Many crypto Twitter warriors might counter, “ARTHUR, the market is flat or down, yet you’re still fantasizing about a bull run.”
That’s a fair critique. But if my timing is off (which it almost certainly will be), I’ll slow my dollar-cost averaging and avoid leverage. I’m confident in my macro outlook, and things are unfolding as expected—albeit slower. For short-term traders, I agree my analysis is useless, as you’re plagued by false breakouts and corrections.
I don’t expect news flow to improve. Many future-betting companies targeting large pools of U.S. retail investors will fail. Any firm relying on trading fees for revenue will suffer. More well-known companies may exit the market due to blindness toward the coming future.
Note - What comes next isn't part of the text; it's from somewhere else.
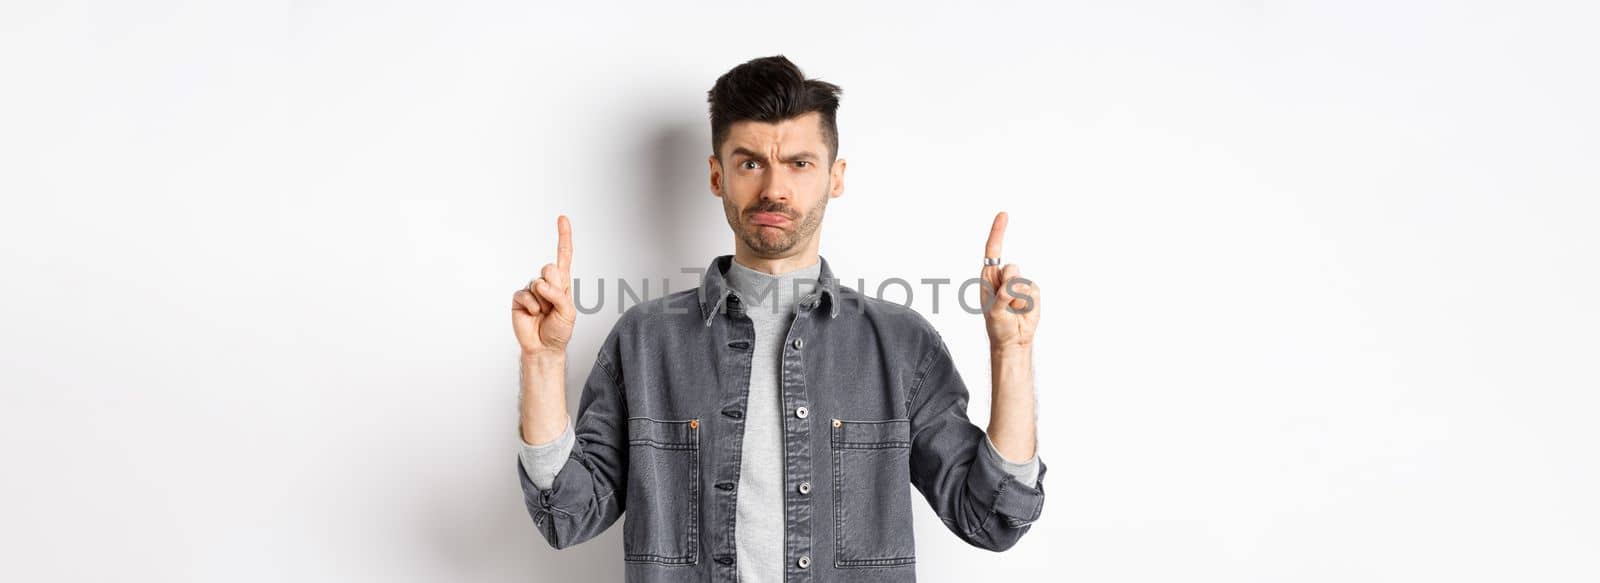 Confused funny guy with moustache pointing fingers up at something strange, frowning and pouting puzzled, standing on white background.

When failure is all around you, it’s hard to imagine the beauty of the next bull market.
At some point, selling will stop, and we’ll enter a sideways phase. Boring price action will persist until something reignites speculative spirit among crypto traders. I propose one possibility—the sudden depreciation of the yuan against the yen. I’ll monitor CNY/JPY and China’s export data. The weaker China’s economic growth, the more credit will be issued. Then the currency will weaken, capital will be allowed to “escape” into suitable vehicles, and finally, the crypto capital market will receive the spark it needs—hopefully starting a rebound this fall.